Но я не стала поддерживать разговор. Ушла на кухню с цветами. Когда вернулась, он уже выставил бутылку шампанского и коробку чешского шоколада.
Я сказала:
— Если вы голодны, у меня есть щи. А больше нет ничего.
— Щи — это чудесно. Обожаю щи, — сказал он.
— Щи не очень подходят к шампанскому... Но я налью вам миску. Не возражаете?
— Не возражаю. А шампанское — тот же компот, только газированный.
Я засмеялась. Он — тоже.
Усердно и несколько наивно Луцкий хвалил мою похлебку, явно перехваливал, чтобы я могла поверить, будто она понравилась ему на самом деле.
— Умею готовить лишь два блюда, — пожаловался он, — жареную картошку и черный кофе.
— Мало для холостого человека.
— Конечно. Но я привык... Когда я был студентом и жарил картошку в общежитии, девчонки приходили с пятого этажа посмотреть на это чудо, поучиться, получить консультацию...
— И ни одна из них не пришлась вам по сердцу?
— Пришлась.
— Тогда почему же вы одиноки?
— Это очень короткая, очень печальная история. Я был женат только сорок один день. Жена умерла внезапно. От рака крови. Сгорела за две недели.
Надо было бы помолчать. Приличие требовало выражения скорби на лице, печали. Но слова вырвались сами:
— Проклятая болезнь!
— Да, уж хуже не придумаешь.
— Человеку, который откроет, как ее лечить, нужно поставить золотой памятник при жизни.

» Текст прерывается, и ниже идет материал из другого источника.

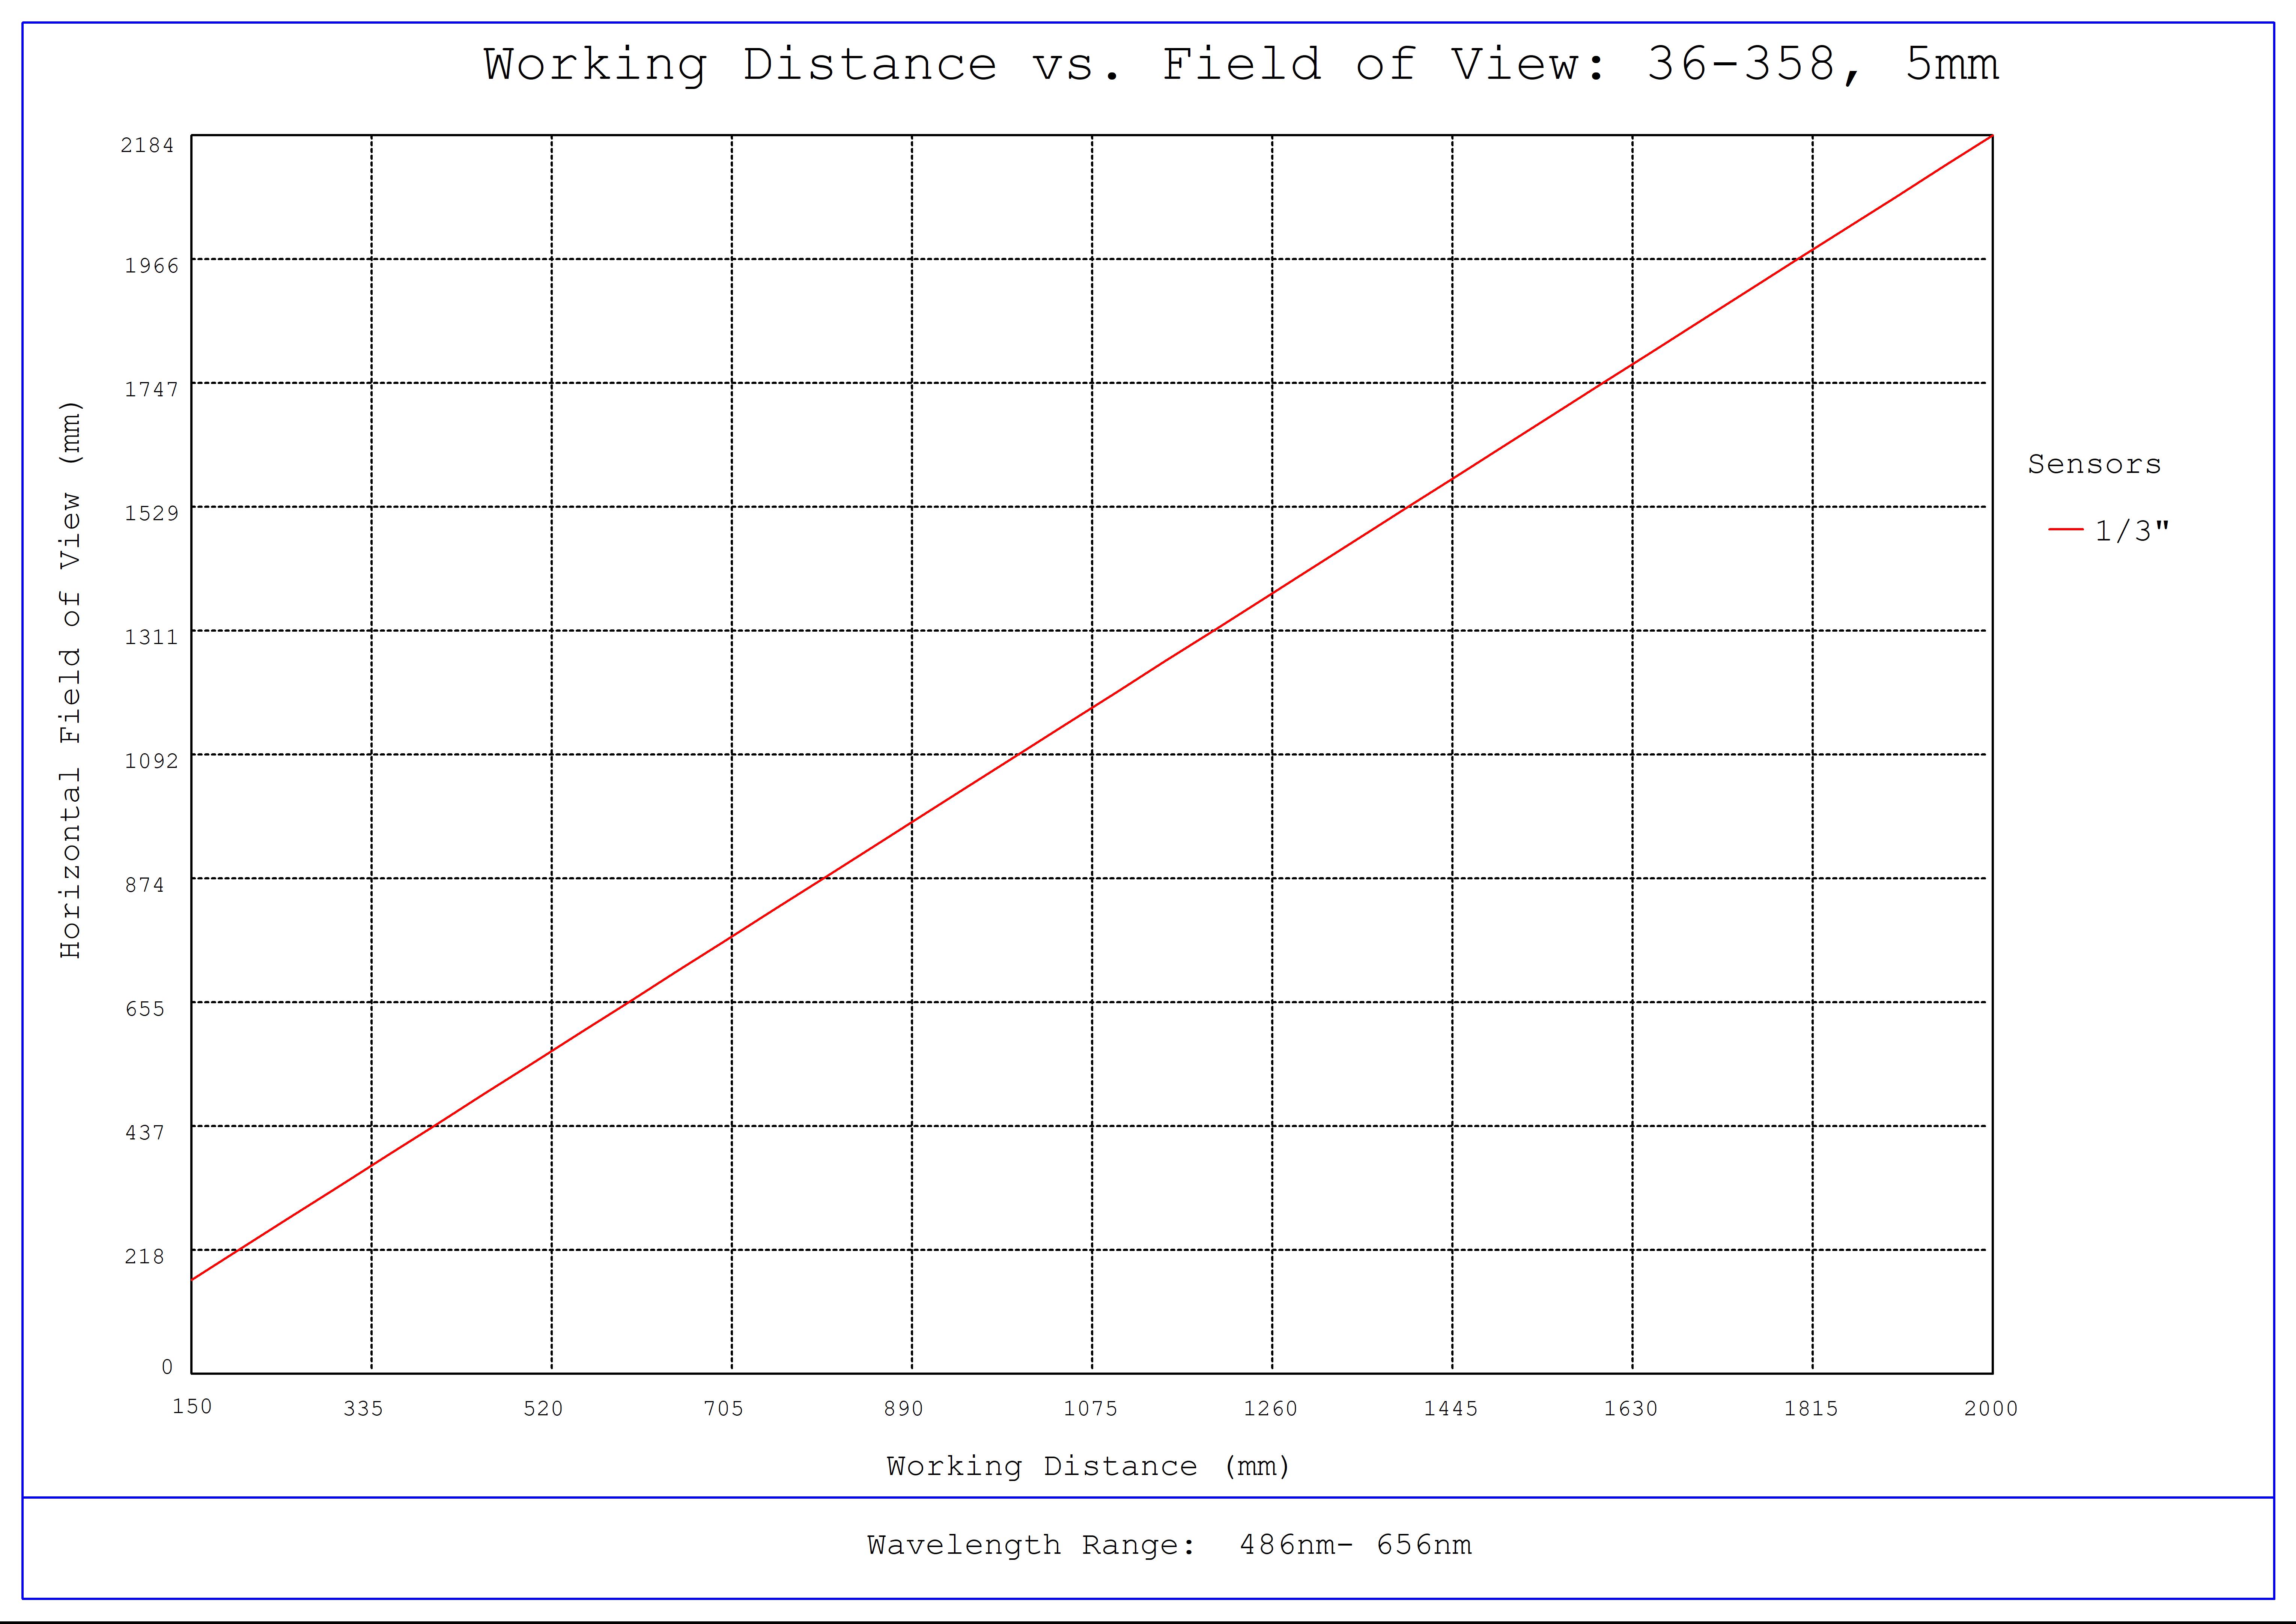 #36-358, 5mm FL f/5.6, Rugged Blue Series M12 Lens, Working Distance versus Field of View Plot

— Будем надеяться, что потомки наши на золото не поскупятся.
— Все-таки потомки?
— Думаю, потомки.
Я смотрела на Луцкого, и мне было жаль его. Я никогда не испытывала чувства жалости к Бурову. Там было другое: вначале — любовь и надежды, потом — бабская любовь без всяких надежд и, наконец, горькое разочарование. Тут же сочилась обыкновенная житейская жалость. Чувство поразительное еще потому, что за все эти годы я знала Луцкого как строгого, педантичного и даже высокомерного директора фабрики, перед которым трепещут начальники цехов, инженеры, техники. И то, что он, Луцкий, сидел сейчас в моей комнате, в моем кресле, поверяя самое сокровенное, личное, пробуждало во мне тщеславие — сладкое, теплое, хмельное. Мне хотелось быть сильнее, могущественнее. Обогреть его, утешить. Но только не так, как это может сделать обыкновенная земная женщина.
Молчали, может быть, десять, может быть, пятнадцать минут. Слушали шелест шин на мокром асфальте. Ши-ши-ши... Даже дождь не стучал в окно. Был такой мелкий...
Потом Луцкий встал и пошел к телефону вызывать такси...
Я не тот человек, который способен двинуть мысль вперед. Похожа на чудака, решившего заново изобрести велосипед. В голову мне приходят мысли, как острова, уже давно открытые кем-то.
В чем смысл жизни? Конечно же в труде. Ей-богу, говорю так не потому, что об этом твердили еще в школе. Сама, собственными руками, головой, поясницей выверила это. И счастье все-таки для меня в труде тоже. Любовь — совсем другое. Любовь — физиология. У человека, может быть, не такая, как у котов и кошек, но все равно физиология. Чувство, заложенное еще в зародыше, запрограммированное матушкой-природой. Если бы только одна любовь была полным и законченным счастьем, тогда человек был бы обязан расти, как дерево, без всяких видимых усилий: цвести, плодиться, опадать.